Which takes us to the deepest level of the history problem. For Ukraine as a nation-state, there is no "before" the Empire. There were feudal entities on the territory of modern day Ukraine but none of them correlate neatly with modern day Ukraine, and the territory of "Novorossiya" in particular is called "New Russia" because it was conquered from the Crimean Khaganate (or Cirim-Yurt) by the Russian Empire. In other words areas like modern day Sevastopol' or Mariupol' weren't really Russia or Ukrainian pre-Empire. And much of the local population was displaced or driven out by masses of Russian
and Ukrainian settlers brought in by Imperial nobility. There's Kievan Rus but geographically and ethnically it includes the predecessors to both modern day Russia and Ukraine, and the word Rus itself probably comes from the Ruotzi of Scandinavia, and refers to the Swedish/Danish military "corporations" (for lack of a better term) that either rules various duchy's of Kievan Rus or served at the behest of its cities. There's the Grand Duchy of Kiev, of course, but it was quite small and is hardly a fitting territory for modern day Ukraine as a nation-state. To top it off it's a fool's errand to attempt to claim feudal states as analogous to nation-states. They simply weren't. This is what makes it so hard to untangle Russia from Ukraine, the two formed as nations intertwined historically. Russia didn't conquer a separate nation of Ukraine while building its empire.
Problem the second.
The position you have taken here is not anyone's position in this conflict. It's certainly not Ukraine's position, but more importantly it's not Russia's position either. Russia isn't claiming half or a third of eastern or southern Ukraine as Russian territory because of historic precedent from pre-Soviet or pre-Imperial times.

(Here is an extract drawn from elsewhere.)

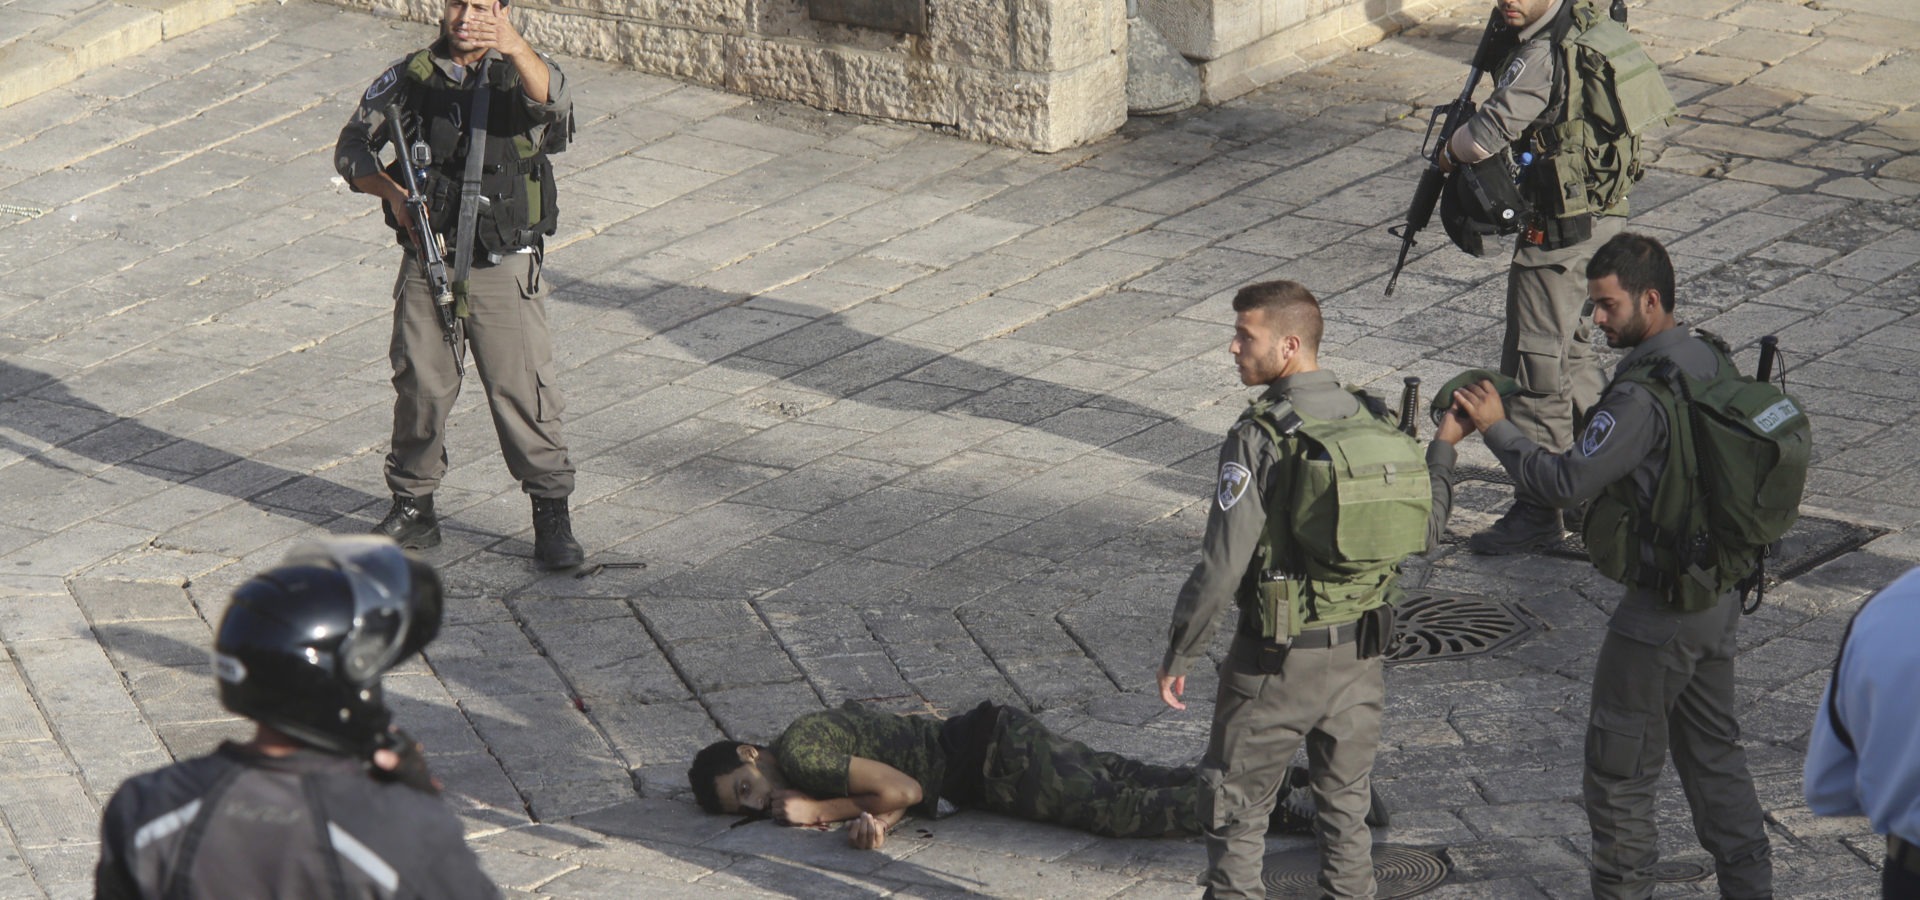 Israeli police stand around a Palestinian shot after he allegedly tried to stab a person at Damascus Gate of the Jerusalem's Old City, Wednesday, Oct. 14, 2015, Israeli police said. (AP Photo/Oren Ziv)

Russia is claiming that Crimea, of its own volition, decided to secede from Ukraine and join Russia. Russia is citing the right of peoples and nations to self-determination from the UN Charter as the legal basis, and pointing to Kosovo, and others, as precedent. Russia, in its own version of events, simply did the neighbourly good turn of protecting the locals from rowdy right-wing elements and heavy-handed interference from an un-elected Kiev government, while they conducted their complete fair and
totally not rigged referendum, to decide what the people of Crimea wanted to do. Leaving aside the hilarious naivete of this narrative, in principle Russian annexation of Crimea is rooted in the right to self-determination of the locals, who happen to have a super-majority of ethnic Russians, and who have attempted to secede from Ukraine before, in the 90's. It didn't work out at the time, but 20+ years of Kiev rule didn't make people much happier about the lot they were dealt at the fall of the Union.
TL;DR - Ok, sorry this turned into such a gigantic off-topic mess. Feel free to skip it. The long and short of it is modern day Ukraine comes from the Ukrainian SSR, not any pre-Imperial Ukraine which mostly didn't exist as any sort of nation-state. And Russia doesn't take your view of the situation either, which makes the entire thing moot.